- ASSIGNMENT -
Please set out each line below exactly as it stands, without the images.
Start of GIVEN MATERIAL
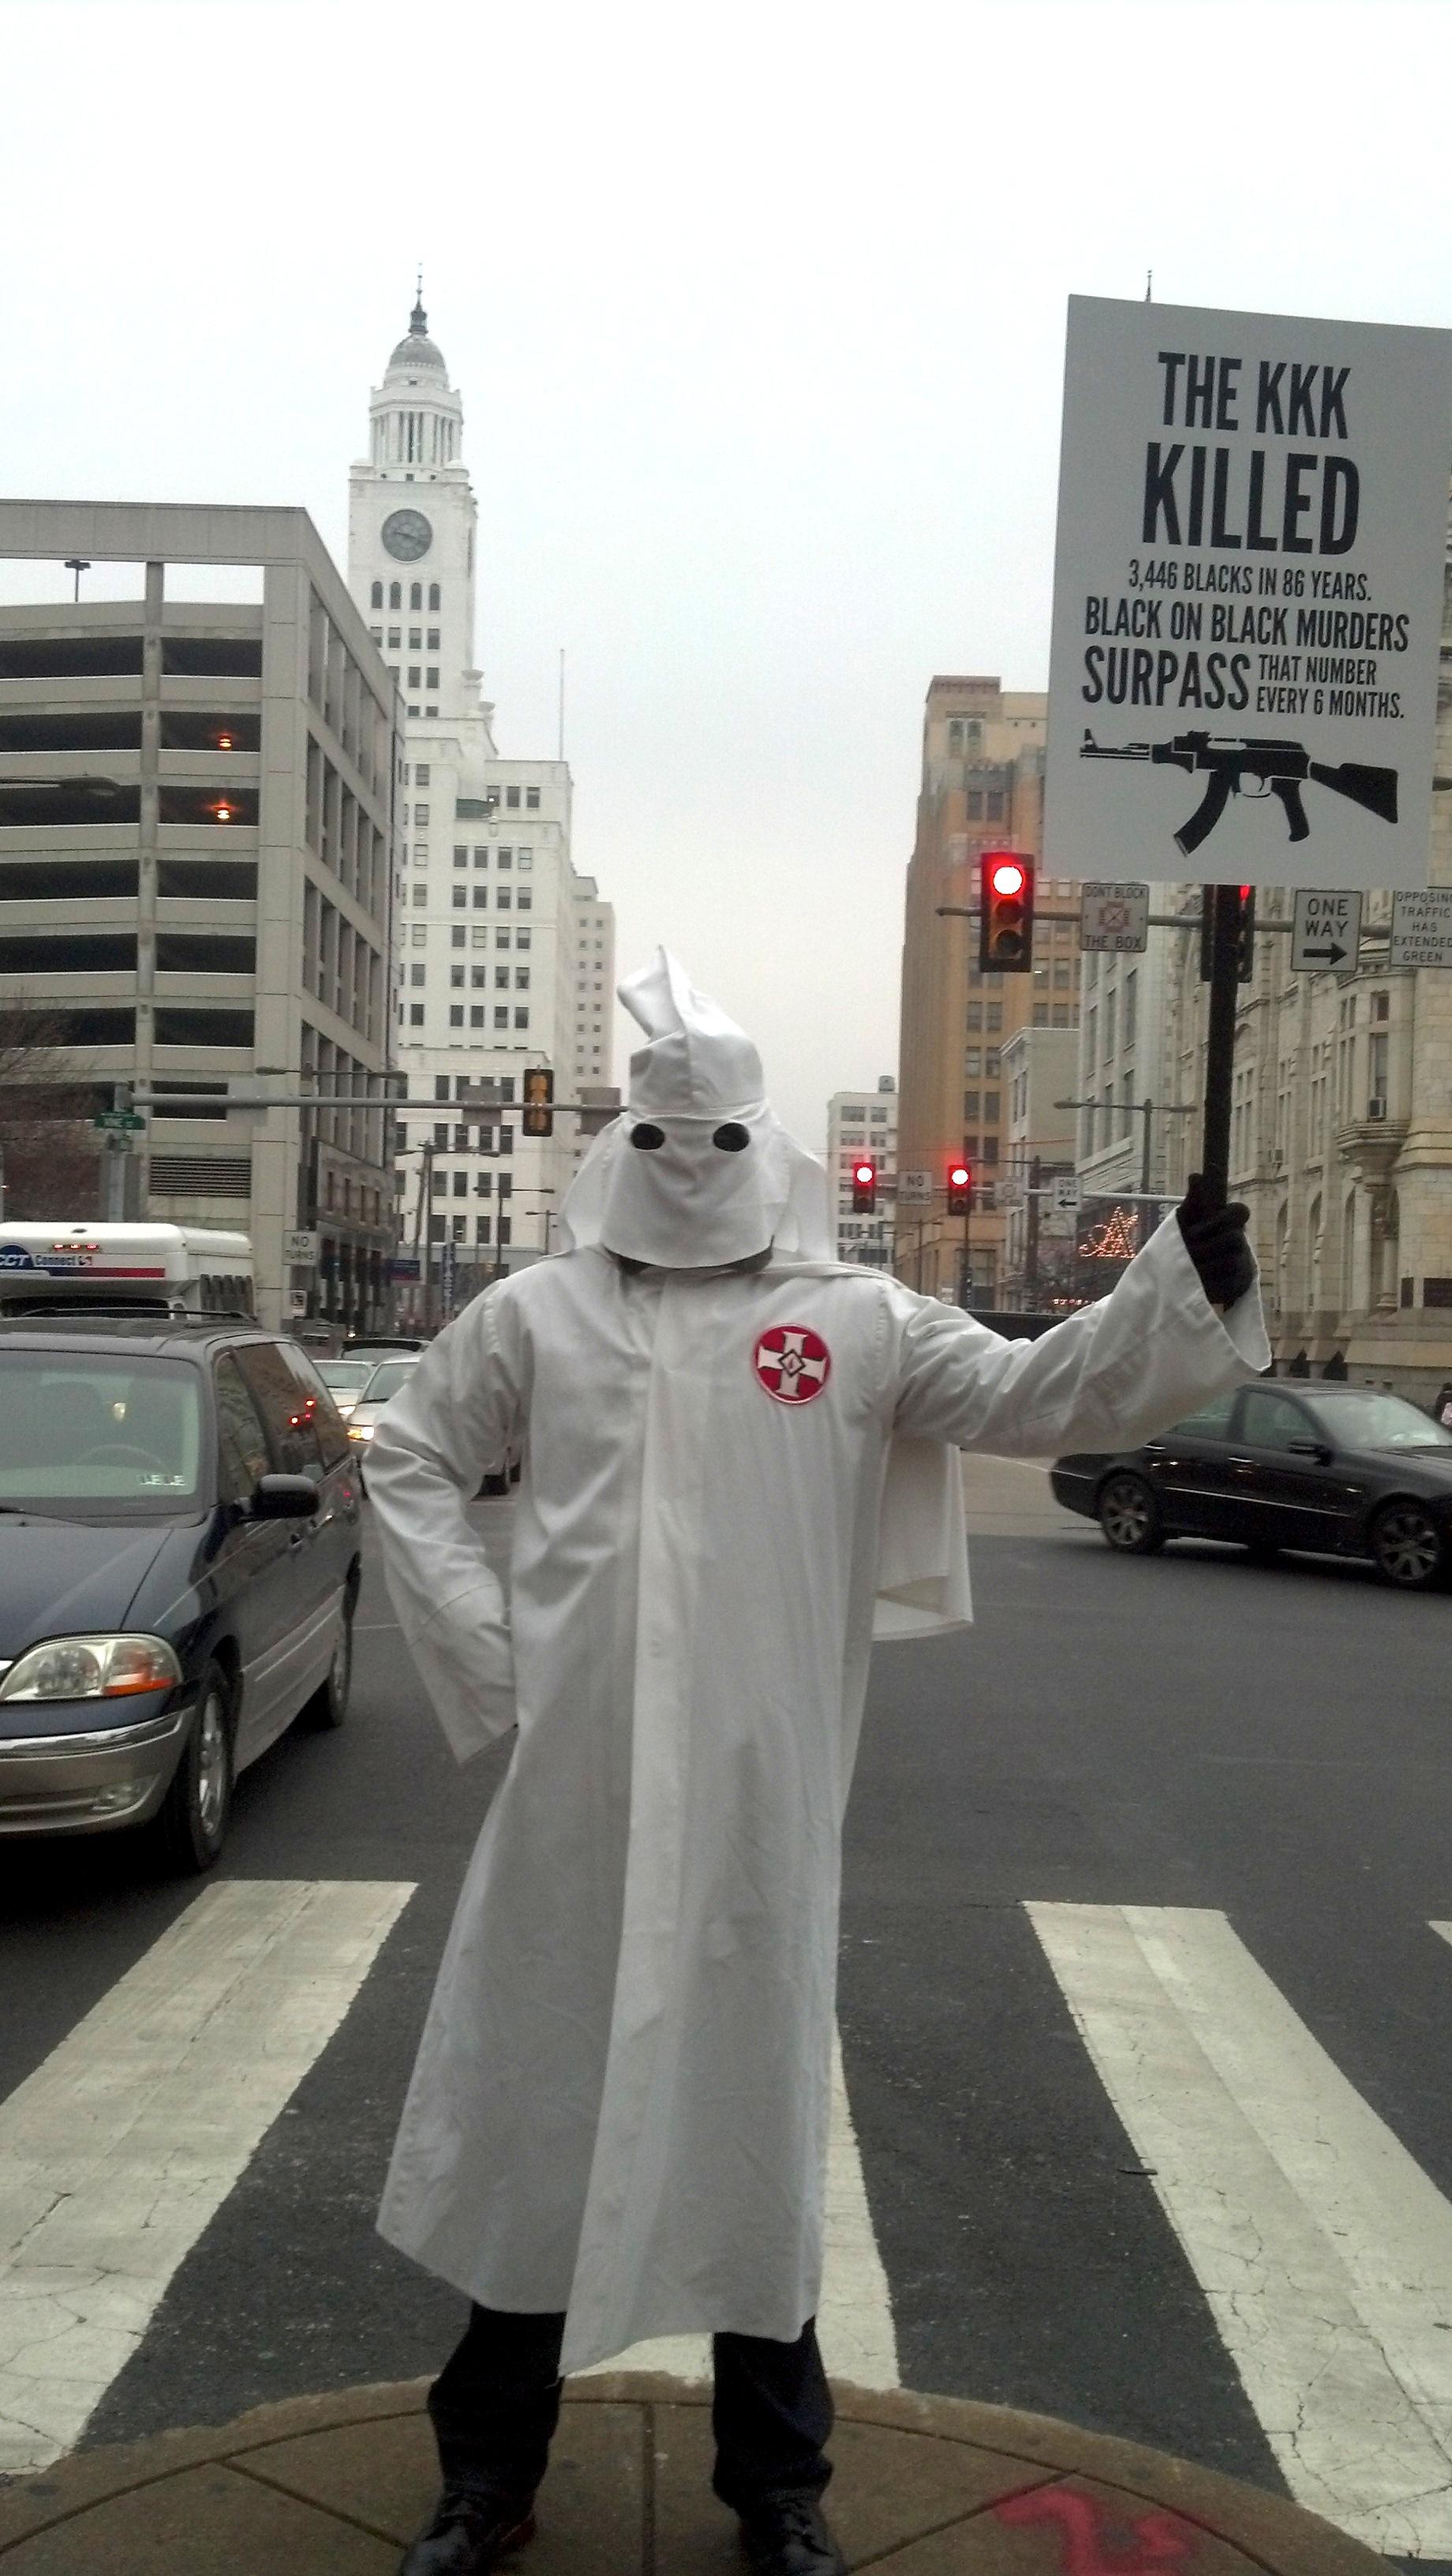 Sixx King Klan
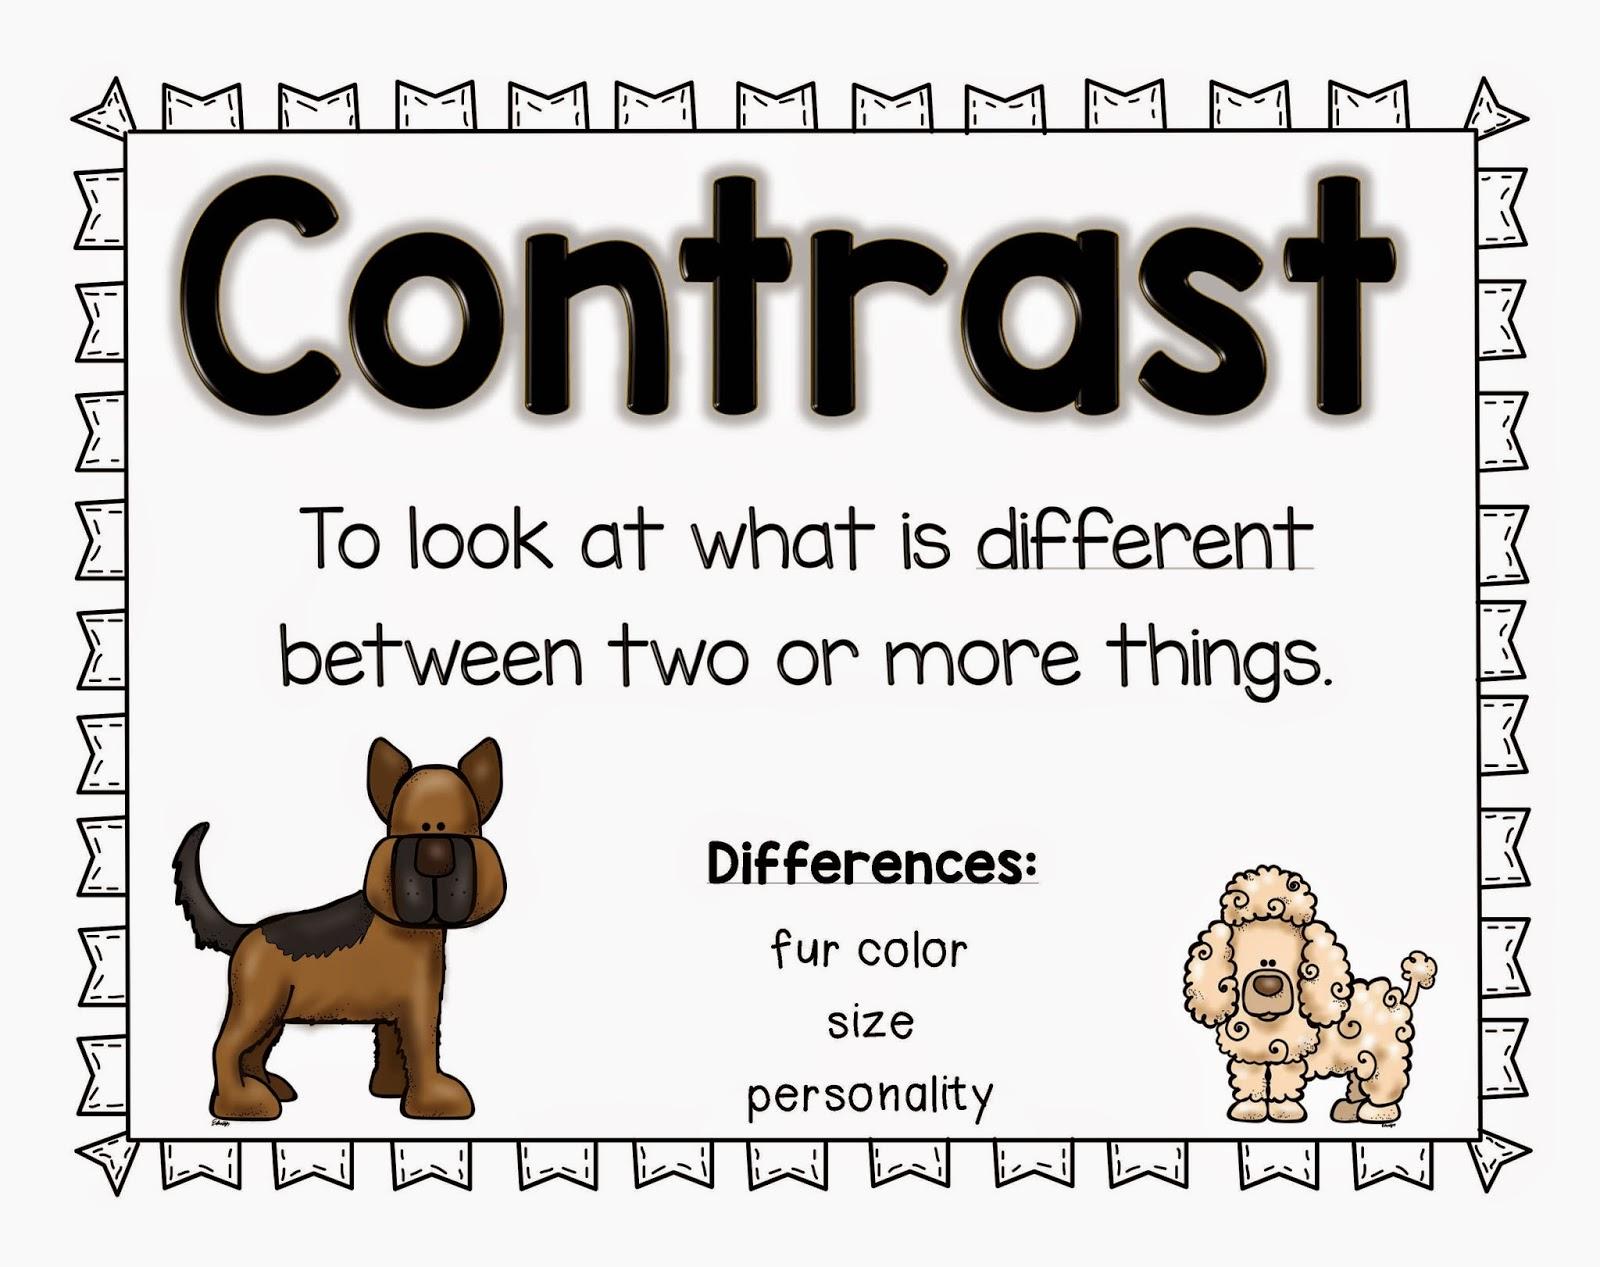 http://www.teacherspayteachers.com/Product/Compare-and-Contrast-1564745
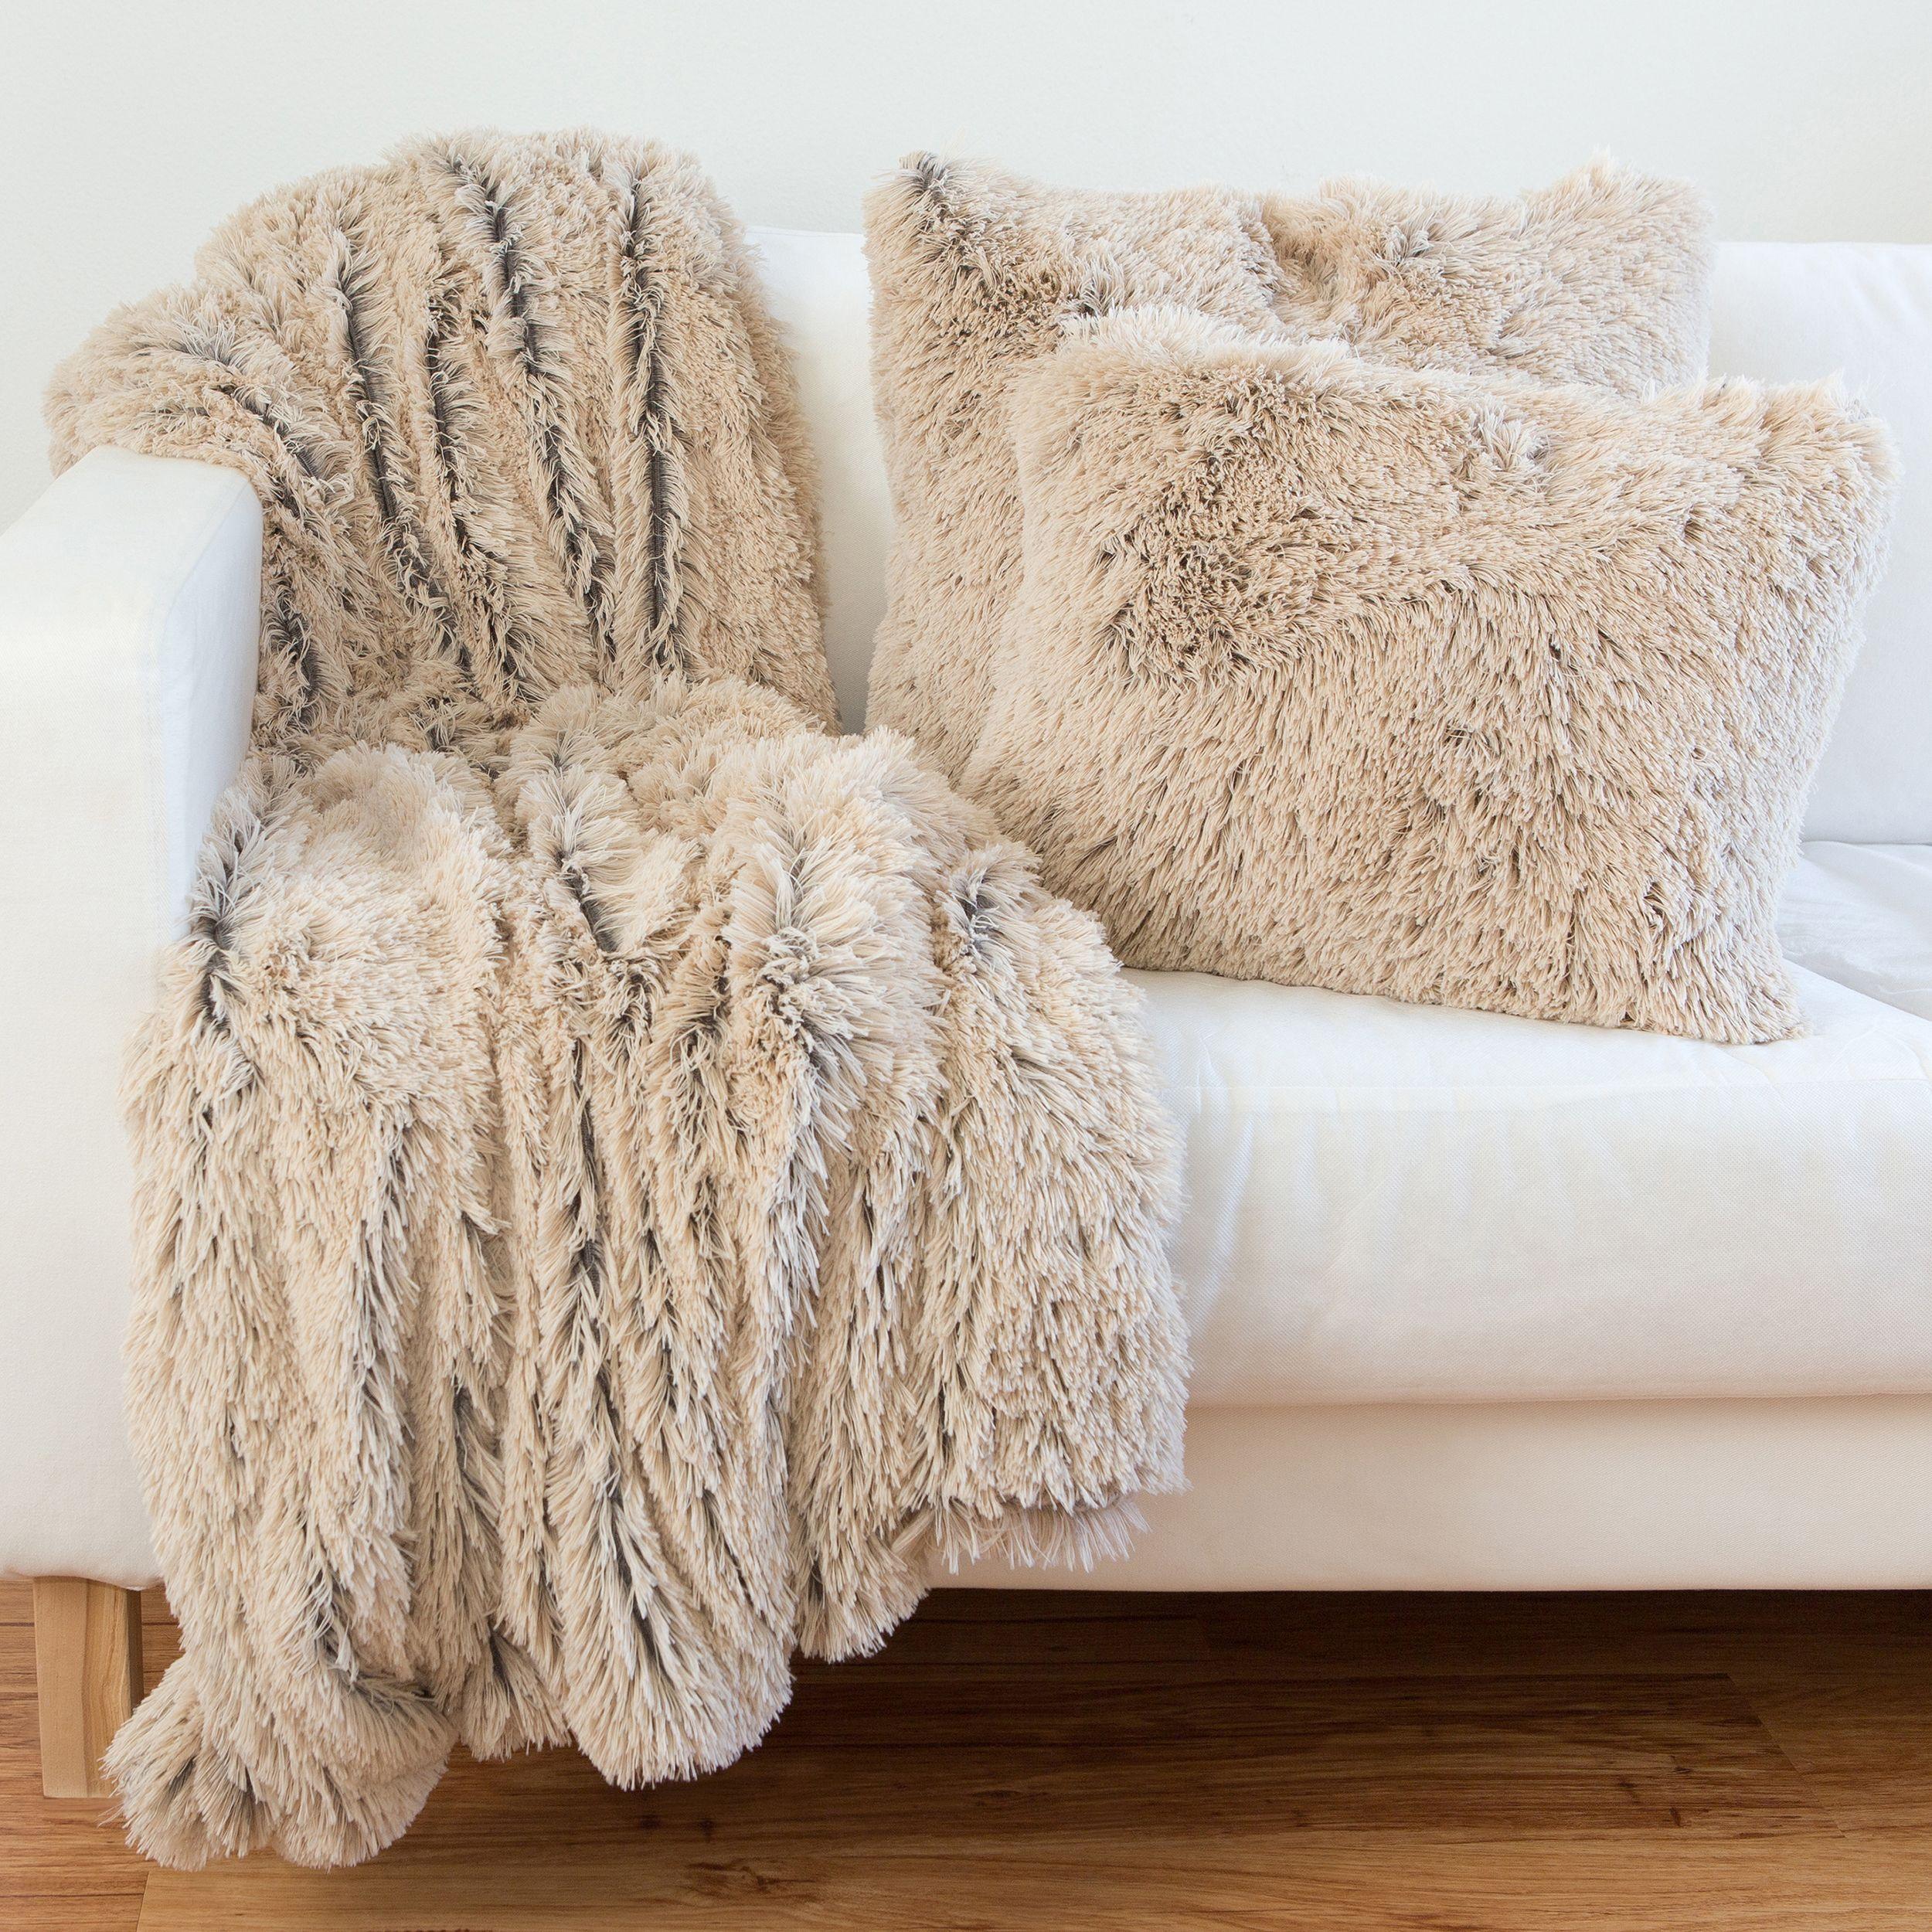 Maison Rouge Hugo Shag Faux Fur Pillows, Throw and Set | Designer ... for Sheep Fur Blanket  585ifm
End of GIVEN MATERIAL
- WRITTEN SOLUTION -
 Sixx King Klan
 http://www.teacherspayteachers.com/Product/Compare-and-Contrast-1564745
 Maison Rouge Hugo Shag Faux Fur Pillows, Throw and Set | Designer ... for Sheep Fur Blanket  585ifm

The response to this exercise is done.